## Task objective
The exercise asks you to copy every line below in which "control" appears.

## Given data
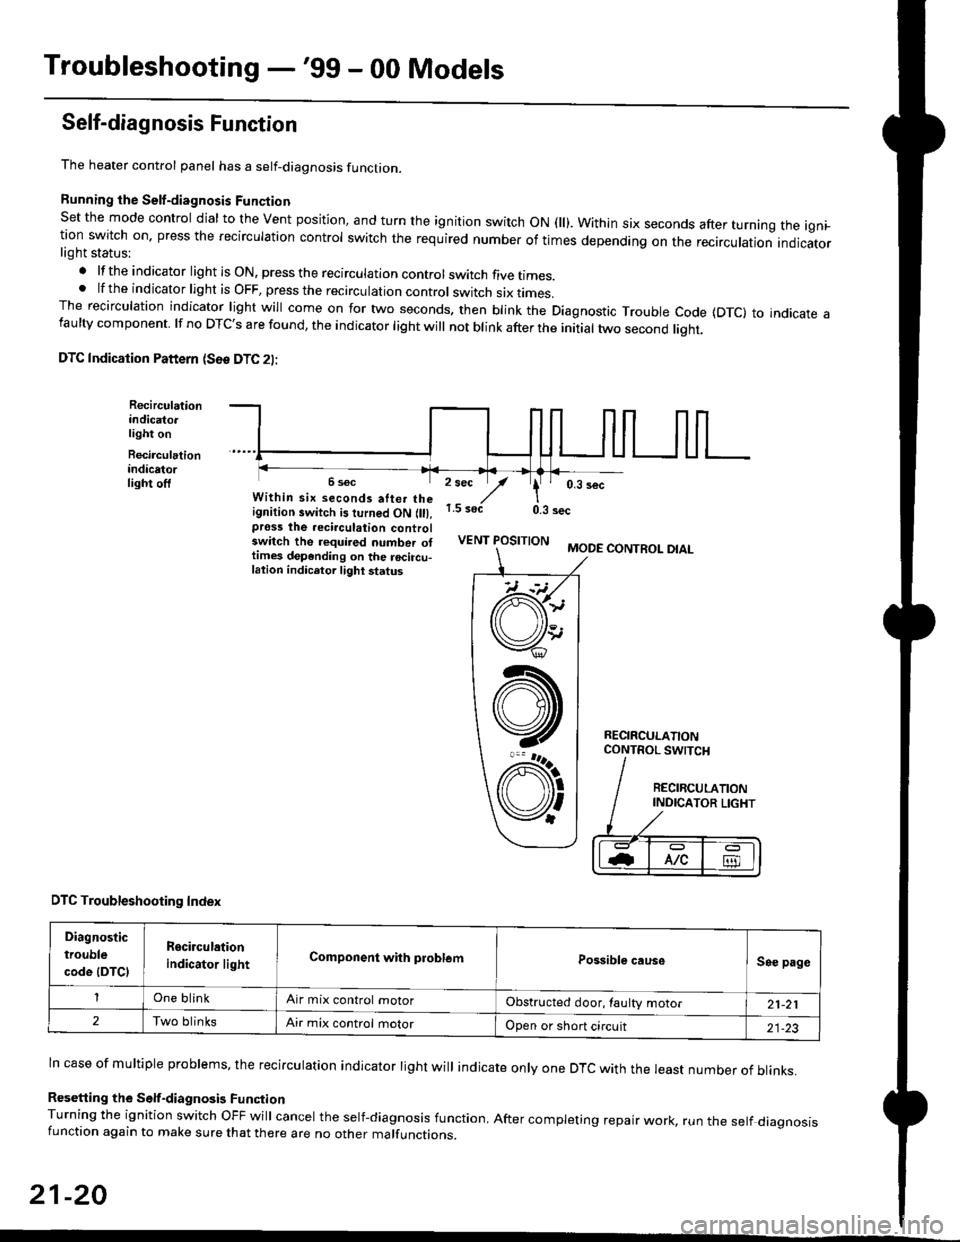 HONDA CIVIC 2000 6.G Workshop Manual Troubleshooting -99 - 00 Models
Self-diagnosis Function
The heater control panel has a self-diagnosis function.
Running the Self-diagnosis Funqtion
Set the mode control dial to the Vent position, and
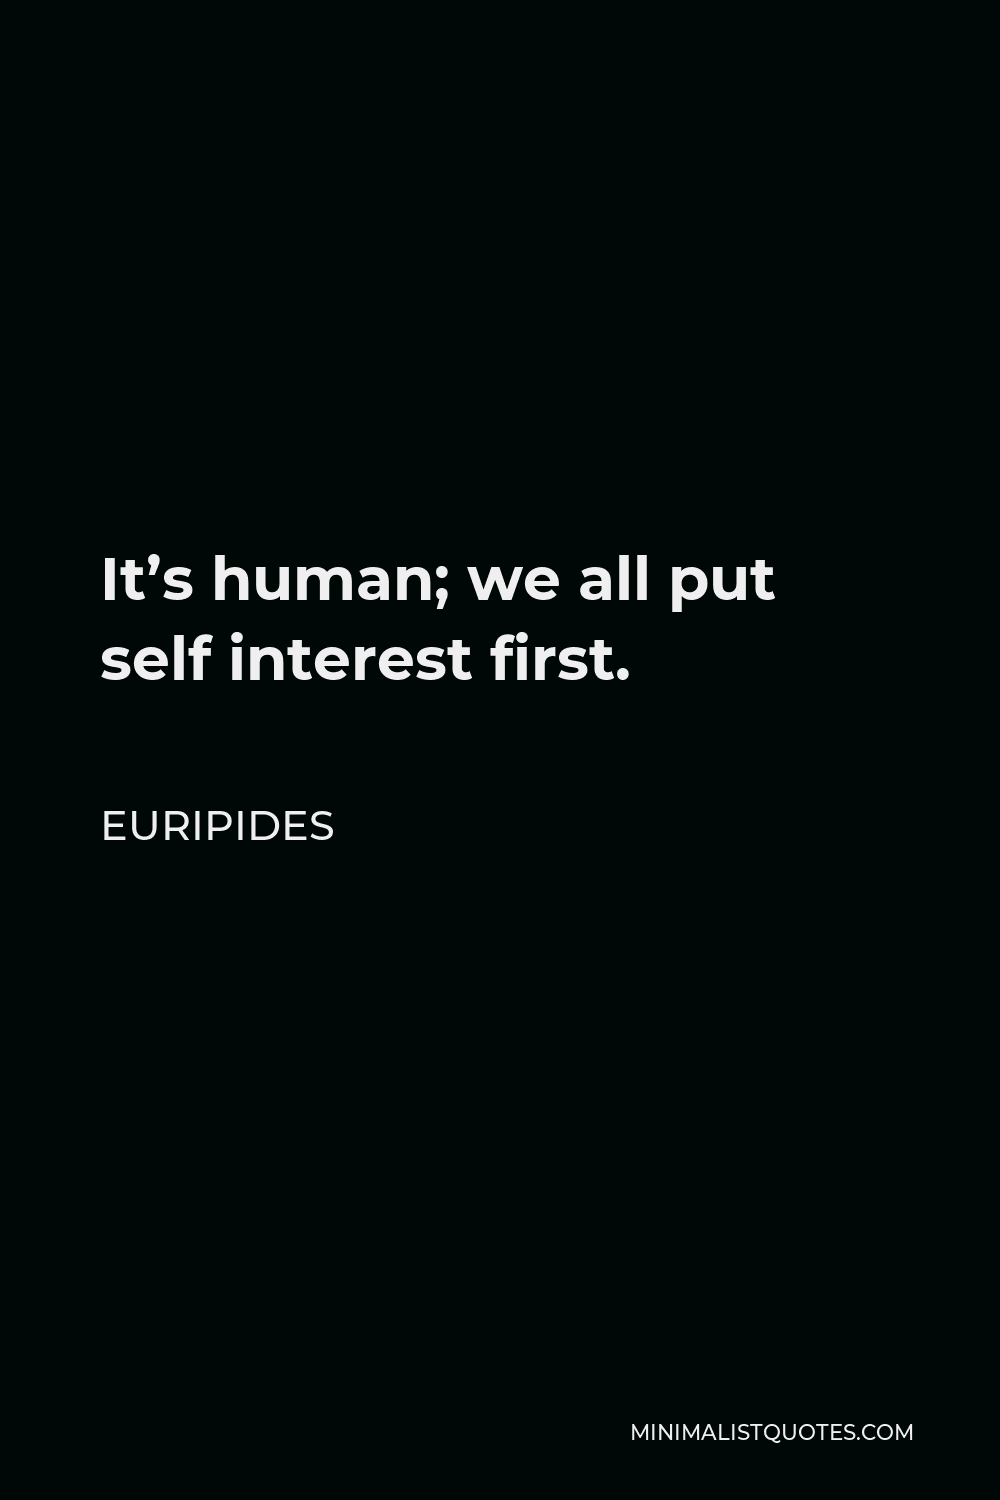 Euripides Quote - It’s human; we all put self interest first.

## Answer to this problem
The heater control panel has a self-diagnosis function.
Set the mode control dial to the Vent position, and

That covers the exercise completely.